Studiare a Cambridge rende tutti più buoni
Così nell'università britannica la vittoria di Trump è stata accolta come un pretesto per insistere sul buonismo a oltranza
Studiare rende tutti più buoni: non si spiegano altrimenti le reazioni che stanno animando le migliori università del mondo a seguito dell'elezione di Donald Trump. Prendiamo Cambridge, ad esempio. Negli scorsi giorni studenti entusiasti si sono recati nella zona dei nuovi palazzi dipartimentali, il Sidgwick Site, per appendere ai rami degli alberi cartigli variopinti su cui campeggiavano non esortazioni all'ostilità o alla rivalsa bensì elogi della pacifica convivenza, della tolleranza e della bontà. Una ragazza che sta prendendo la laurea magistrale in Gender (esiste, esiste) ha spiegato al settimanale universitario Varsity che lo stimolo a questa manifestazione è derivato dai risultati delle elezioni americane, e che in risposta a quest'emergente cultura dell'odio gli studenti cantabrigensi intendono farsi testimoni dei valori dell'amore, del sostegno e della resilienza.
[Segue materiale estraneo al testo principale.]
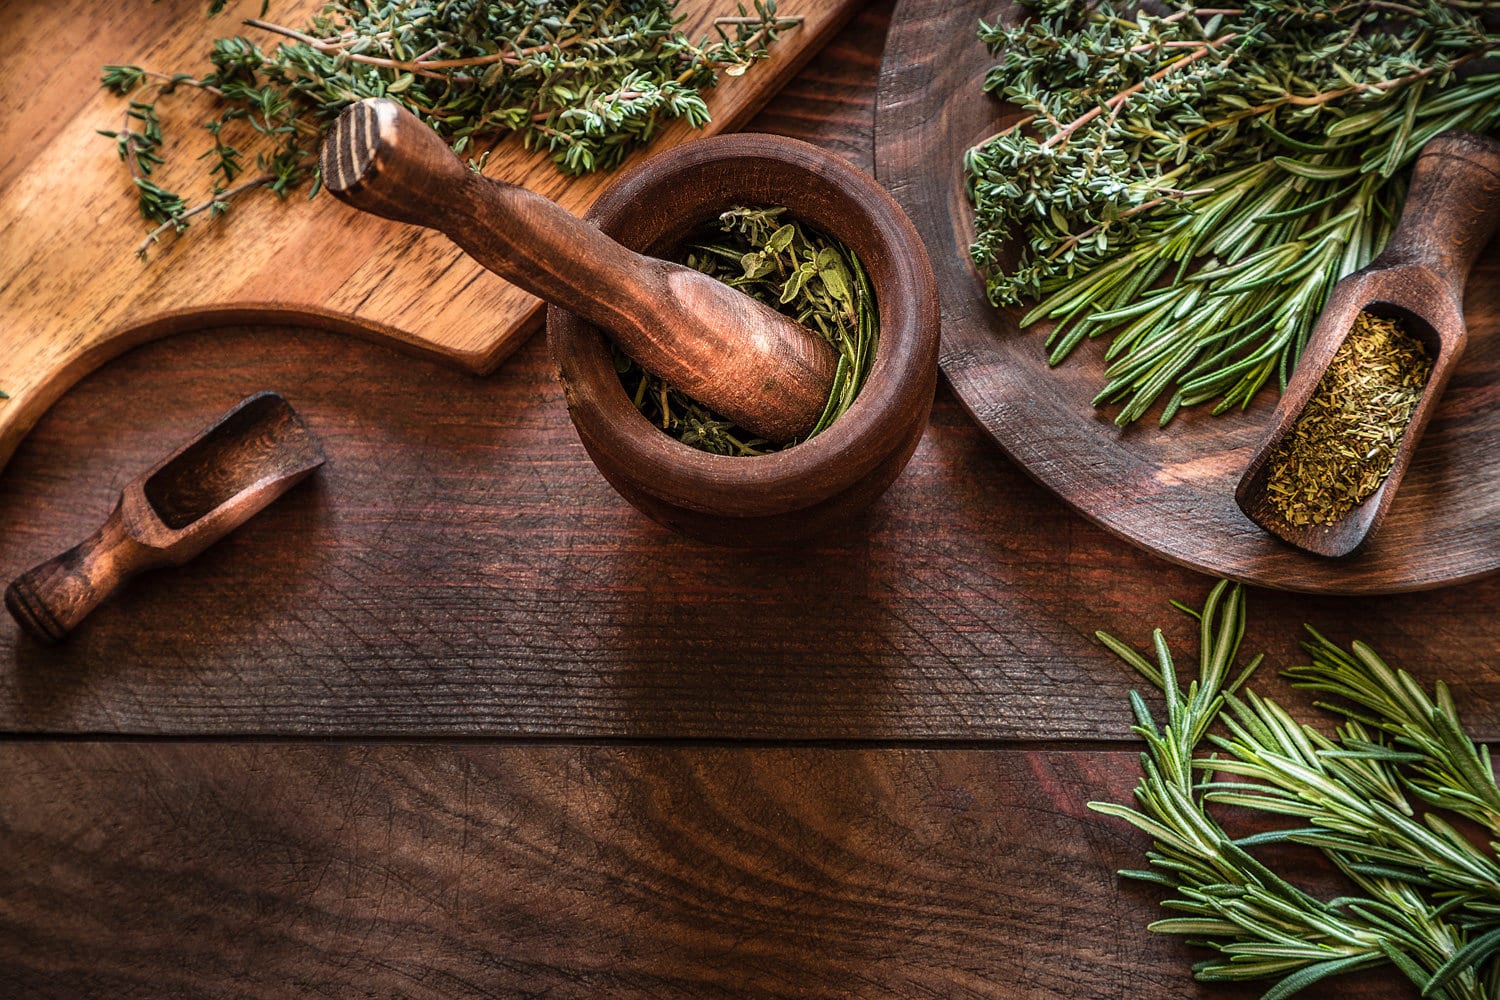 High angle view of natural aromatic herbs like dill, thyme, oregano and rosemary on wooden mortar and over dark brown wooden table. Predominant colors are brown and green.

A Cambridge la vittoria di Trump è dunque solo uno spunto per insistere urbanamente sulla necessità dell'accoglienza, del superamento della paura del diverso, dell'apertura alle idee altrui, del rispetto alla vita e alla libertà di chiunque: l'allegra e colorata protesta infatti non intende scagliarsi solo contro l'esito delle presidenziali americane ma anche contro l'arresto di politici curdi, contro la violenza in Siria, contro le innumerevoli iniquità che macchiano terre lontane. Intanto, a dieci minuti di passeggiata dal Sidgwick Site, mani anonime fregavano settecento sterline dalla cassa dell'Ufficio Universitario per la Beneficenza. Studiare rende tutti più buoni, soprattutto a distanza.